Modern Warfare 3: Infinity Ward discusses Party Chat, map making, and hotspots
Infinity Ward's Robert Bowling was in New York yesterday for a Modern Warfare 3 event, during which he chatted to various outlets regarding Party Chat, map hot spots, and some of the changes and addition coming to multiplayer.
Party Chat to be enabled for certain modes
According to Robert Bowling, who is a creative strategist at Infinity Ward, Party Chat was blocked in Modern Warfare 2 due to it being easier to cheat using the mode.
Players still found a way around this, especially ones who just wanted to be able to chat with their pals when running around in multiplayer. The more competitive folks though, weren't interested in Part Chat because of the aforementioned ability to cheat.
However, Infinity Ward has acknowledged that Party Chat should only be blocked when certain modes are being played, and Bowling explained to MTV where the option will and won't be made available.
"When designing multiplayer, especially Modern Warfare multiplayer, you have 30 million people," said Bowling. "They all are very different. You have guys playing just for fun, just want to jump on there and have a good time. You have your hardcore competitive guys. You have your casual guys that maybe are competitive, they're just not as good. It's all about delivering a platform to allow you to have fun the way you want to have fun without hindering the other audiences.
"A major focus of Modern Warfare 3 multiplayer is allowing you to have a lot more control over [how you play], looking at those restrictions and doing away with stuff like [Party Chat blocking] that's super hardcore. It's about giving options. We will have places where competitive guys go where you might have restrictive voice chat. And then you have an option to maybe play that same mode without the same restrictions if that's the type of player you are.
"The only place where Party Chat should be blocked is Search & Destroy, and won't be blocked for modes like Dom[ination]."
Multiplayer maps will have fewer hotspots
Bowling also touched upon how the multiplatyer maps will be a bit different this time around, but stated that each will have five hot spots maximum, so less-skilled players will have fewer areas to "think about."
Speaking with Kotaku at the New York event, Bowling said having fewer hot spots "discourages the more camper mentality that seemed to emerge in the map design of Modern Warfare 2."
He also explained that multiplayer maps would put less emphasis on combat verticality and would instead offer selective, tiered conflict along with less reliance on air support.
"Modern Warfare style is, for me, all about the high-speed, fast-paced—and I'm talking in terms of smooth controls and 60-frames-per-second framerate—infantry-focused combat," said Bowling. "And it's all focused on that gun-on-gun gameplay, especially in Modern Warfare 3.

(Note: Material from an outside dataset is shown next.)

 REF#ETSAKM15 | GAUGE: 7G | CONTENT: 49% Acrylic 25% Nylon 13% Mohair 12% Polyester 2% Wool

"I feel like it's something we nailed with Call of Duty 4. We moved away from it a little bit with MW2, relying heavily on air support, killstreaks, perks and stuff like that. Modern Warfare 3, very much [is] building up from that Call of Duty 4 mentality of gun-on-gun, fast-paced infantry gameplay."
Competitive multiplayer and map making
Infinity Ward and Activision plan to touch upon the competitive multiplayer mode during the Call of Duty XP fan festival in September, so Bowling wouldn't discuss the mode at the New York event. However, he did say the hardcore fans will be pleased with the developers new philosophy on map making.
"Call of Duty 4 was much more simplistic in its map design: You have the sight points, you have the routes players will take. It was very flat in terms of where you could go. Modern Warfare 2 had a major focus on vertical combat, increasing the multi-floor levels, increasing the number of buildings you go into," he told Kotaku.
"There were a lot more places you could go than just the main routes and buildings where you were meant to go. That encourages and discourages a lot of types of gameplay. With Modern Warfare 3, it's much, much more on allowing you to focus on what's necessary; it's making vertical combat when it makes sense but it's not a blanket rule across every map. You will have some maps that focus on verticality and that are focused on multiple things. And then you have other maps that are very limited on the hotspots. The hotspots are a key thing on Modern Warfare 3. We went into each map wanting you to be able to turn a corner and know very easily that these are the three—no more than five—places I need to check.
"For the hardcore guys who have been with us since the beginning, that speaks volumes: the map design, the return to focus on gun-on-gun, all that stuff. I like to always make sure the hardcore players know we're building it up for them."
Modern Warfare 3 releases on PC, PS3 and Xbox 360 in November.